On 3/18/2014 6:04 PM, Magda Price wrote:
> Hi Jim,
>
> Re numCovs - what you've stated was how I interpreted the use as well, 
> which is why I didn't think it would helpful.
>
> As usual with these types of human disease datasets, the study design 
> is not ideal, and more complicated than I initially let on! The 180 
> samples are a combination of 3 phenotype groups (1 control + 2 
> diseased) and 5 different tissues.

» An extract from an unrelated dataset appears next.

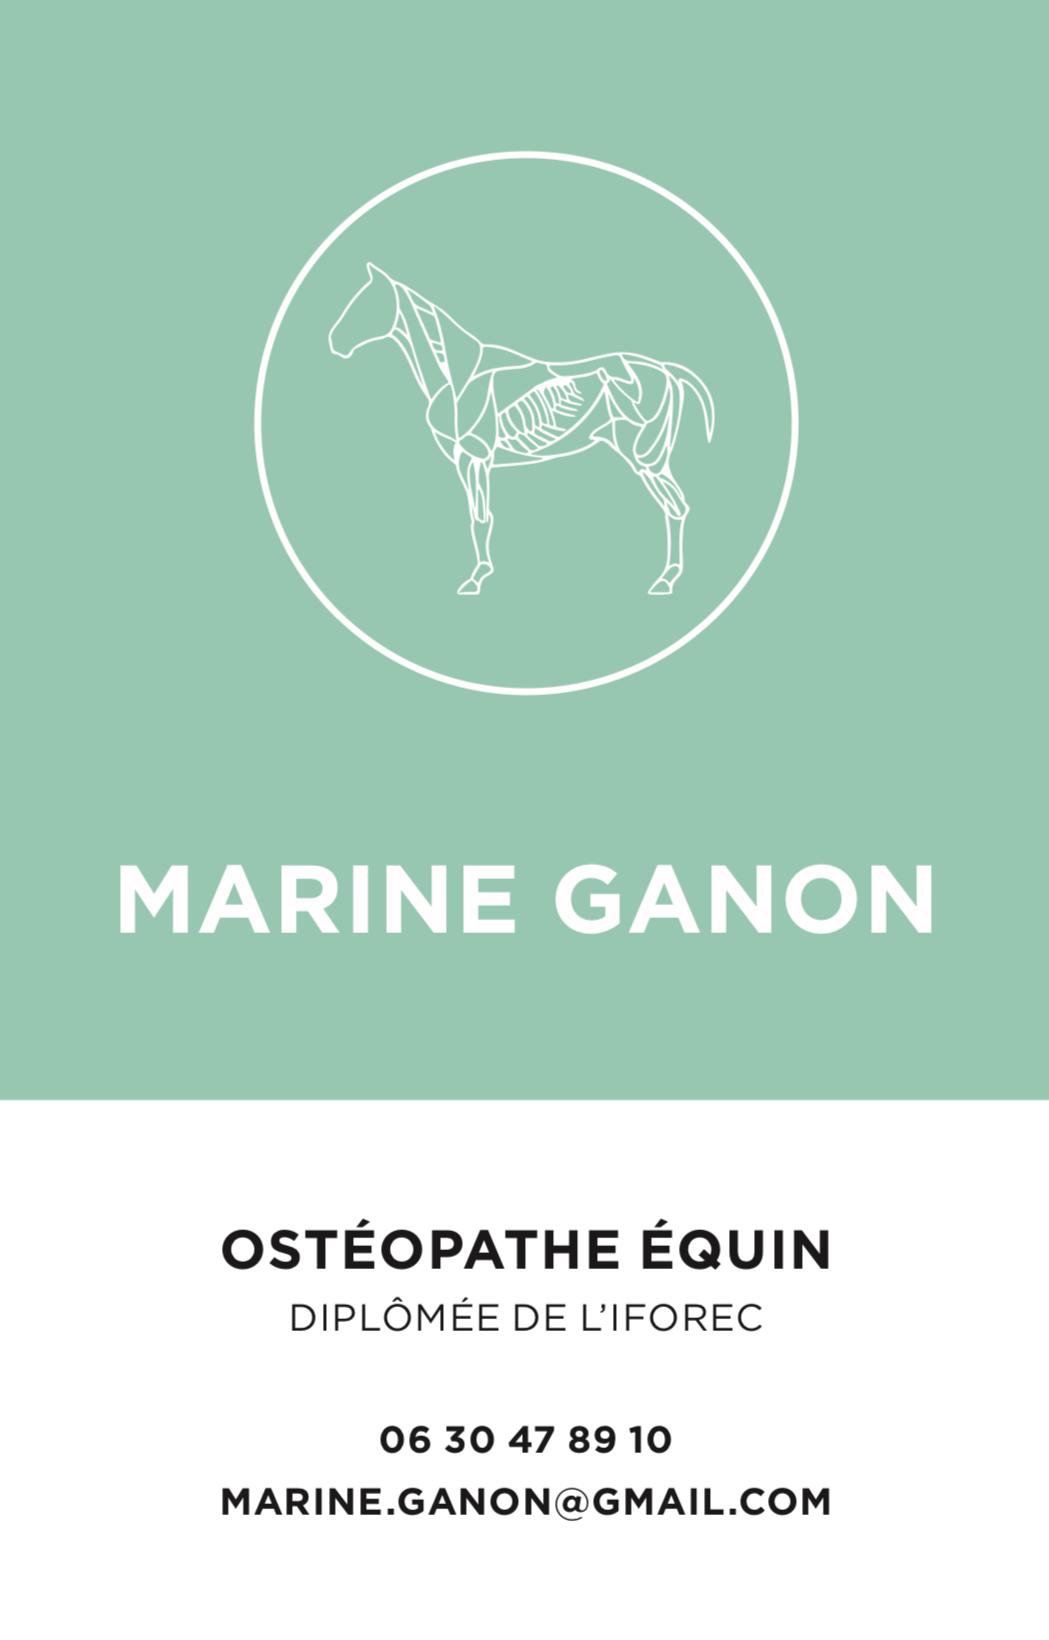 carte de visite de Marine GANON

Other samples, unrelated to this 
> project were also run on these chips, which is why I'm working with 
> less samples than the total that were run (which was 288).
>
> Here's a simplified version of what my ComBat code looks like:
>
> #1 - correct for plate effect
> mod.1<- model.matrix(~tissue+group+row+chip, data=des)
> bat.1<- ComBat(data, des$plate, mod.1)
>
> #2 - correct for row effect
> mod.2<-model.matrix(~tissue+group+chip, data=des)
> bat.2<-ComBat(data=bat.1, des$row, mod.2)
>
> #3 - correct for chip
> mod.3<-model.matrix(~tissue+group,data=des)
> bat.3<-ComBat(data=bat.2, des$chip,mod.3)
> We know from some pilot studies that the effect size (i.e. 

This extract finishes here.